Consider the listing below. Extract exactly the lines from the line containing "Hoverfly drawing nectar" to the line containing "Woven Patterned Tote Bag | Brown and Beige", both included.

Material supplied:
━━━

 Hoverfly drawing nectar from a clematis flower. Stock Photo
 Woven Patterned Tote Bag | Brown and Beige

━━━

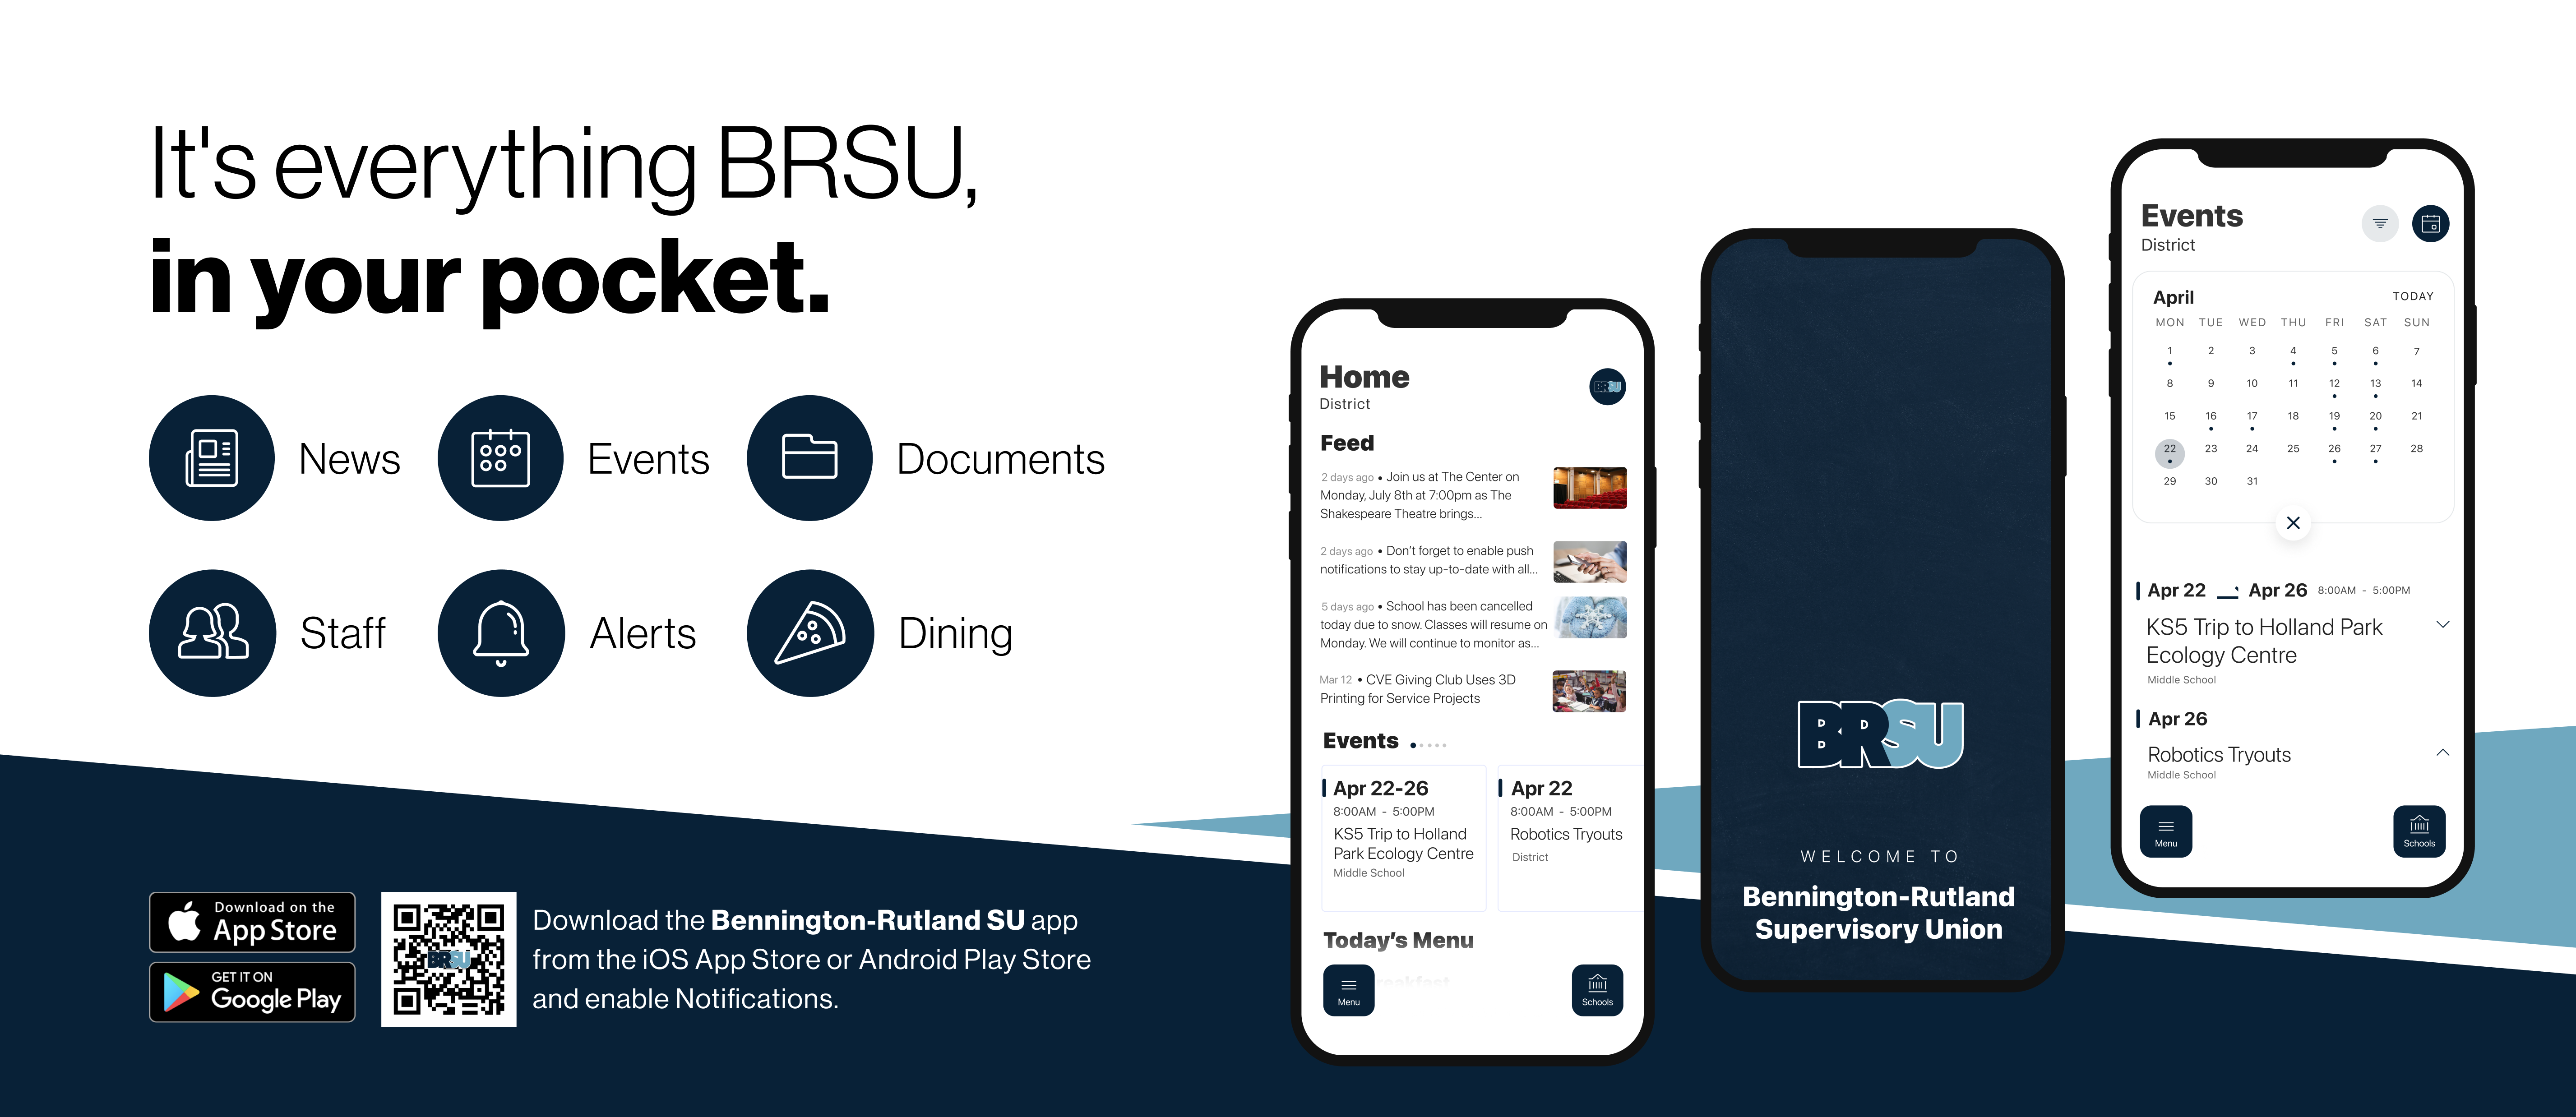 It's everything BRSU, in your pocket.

━━━

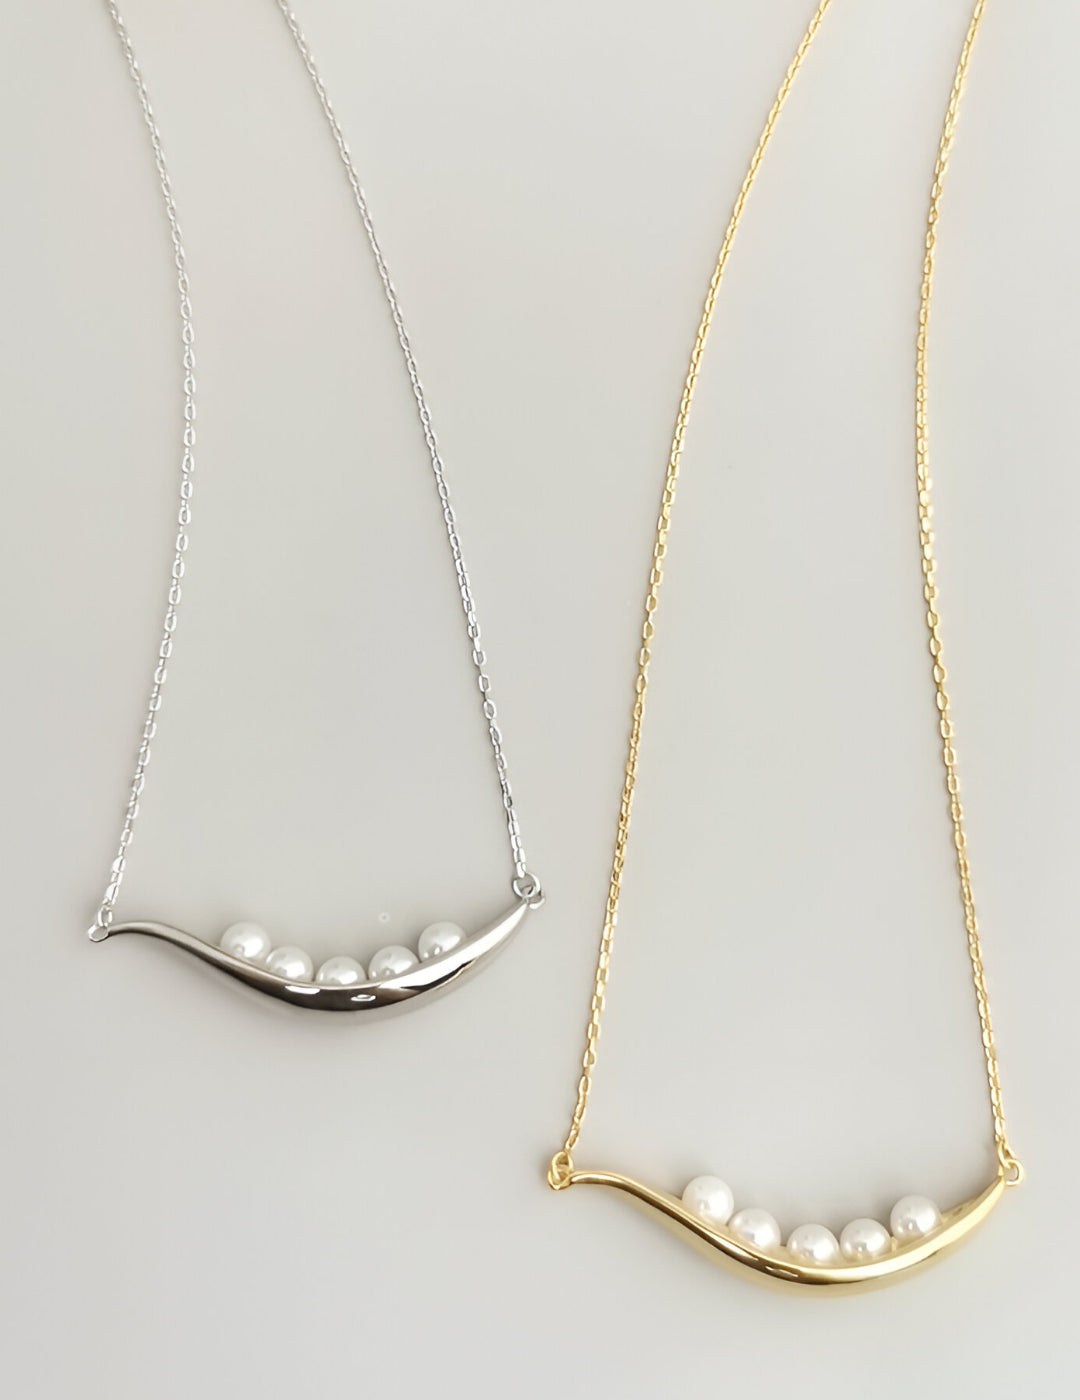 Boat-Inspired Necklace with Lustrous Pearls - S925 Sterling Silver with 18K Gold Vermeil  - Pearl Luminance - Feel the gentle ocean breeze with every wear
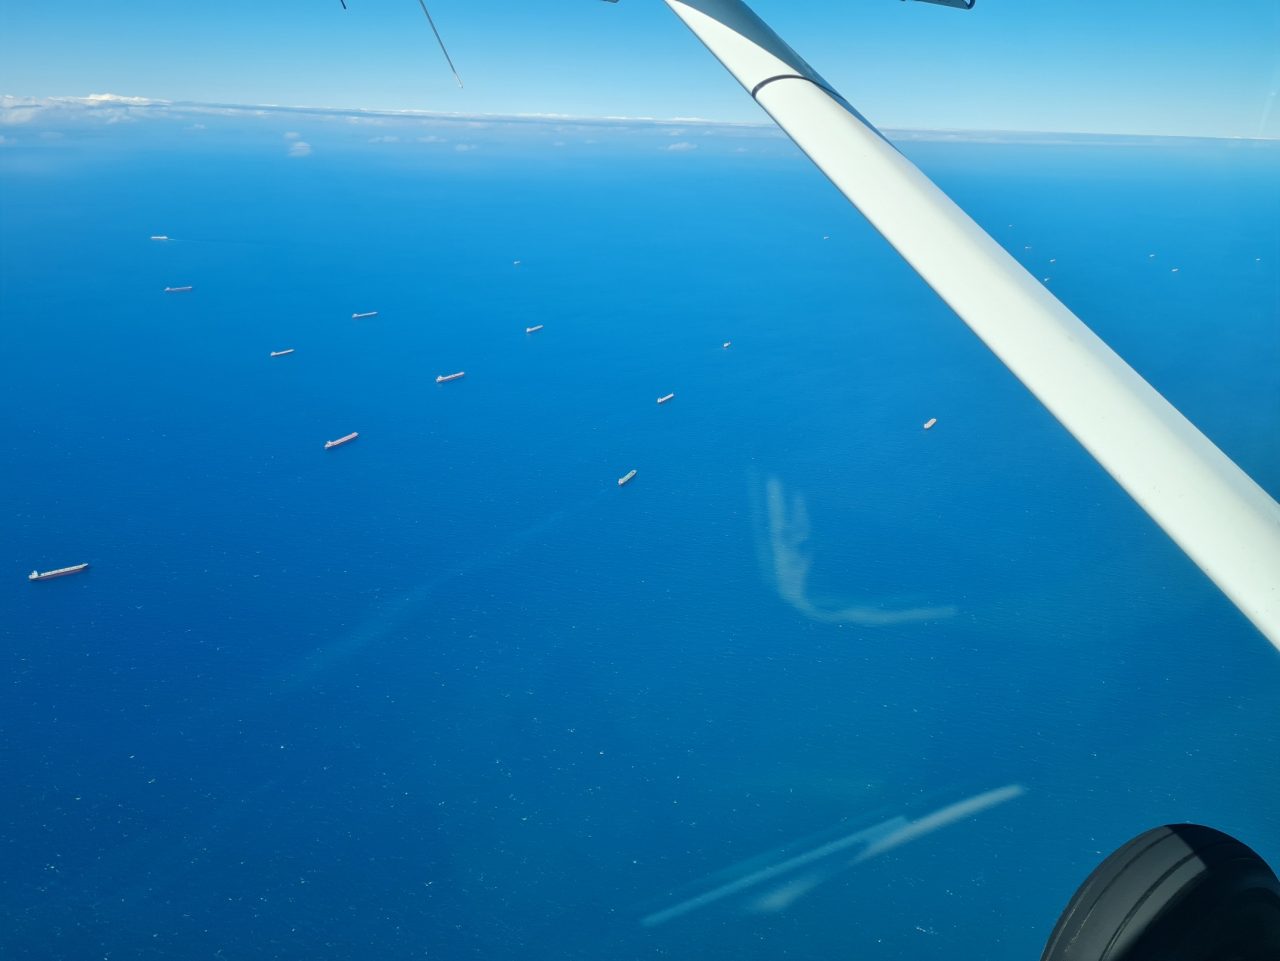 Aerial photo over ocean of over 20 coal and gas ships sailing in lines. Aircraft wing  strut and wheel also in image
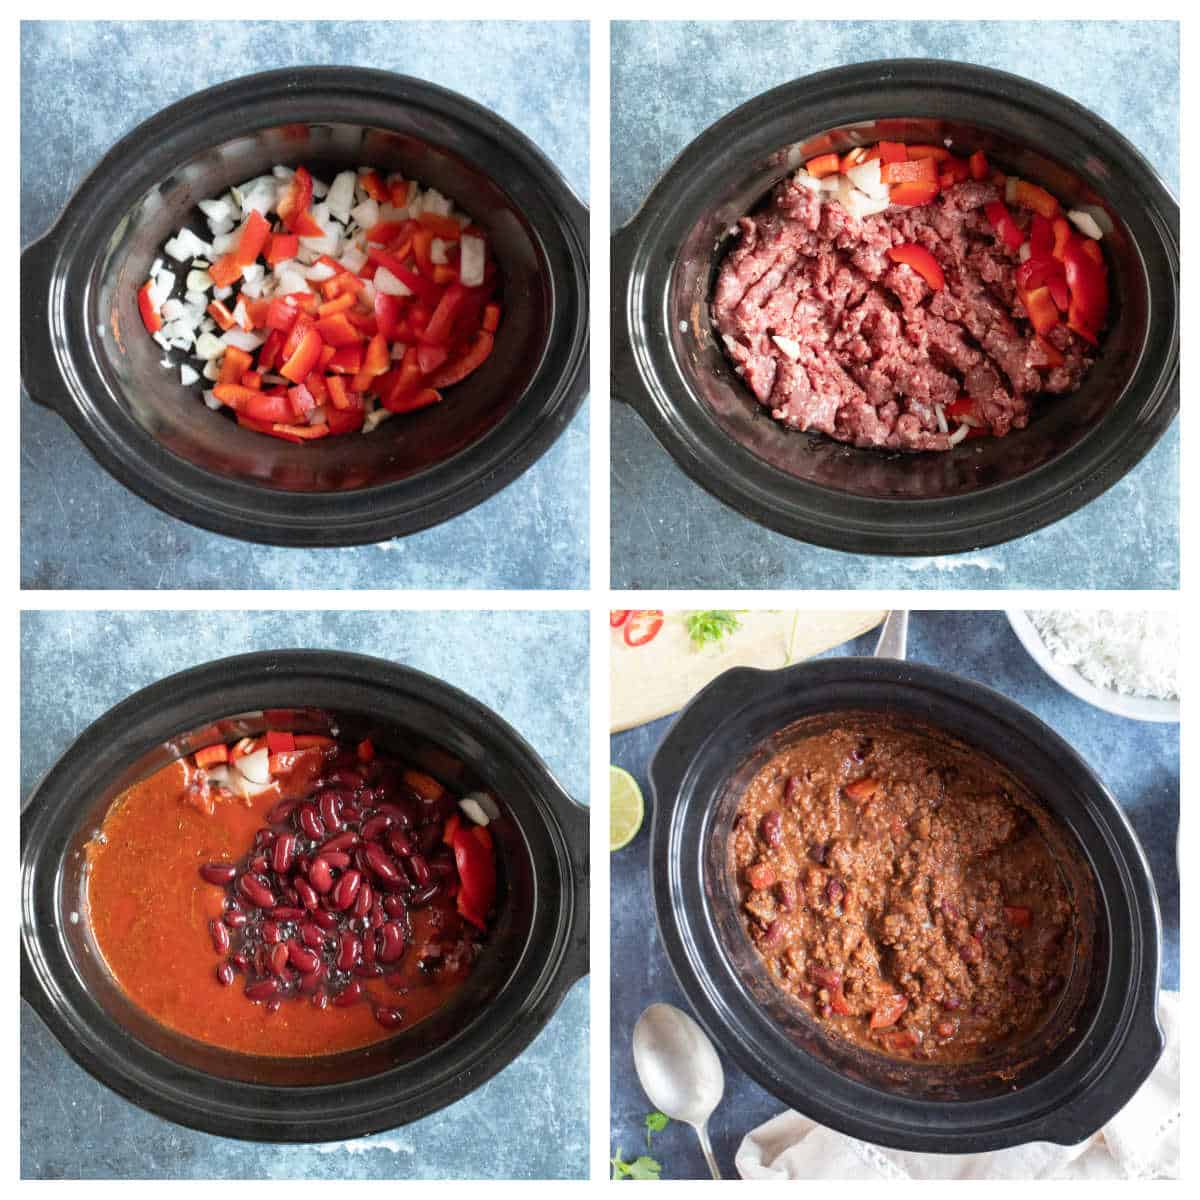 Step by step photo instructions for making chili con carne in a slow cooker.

━━━

Completed exercise:
 Hoverfly drawing nectar from a clematis flower. Stock Photo
 Woven Patterned Tote Bag | Brown and Beige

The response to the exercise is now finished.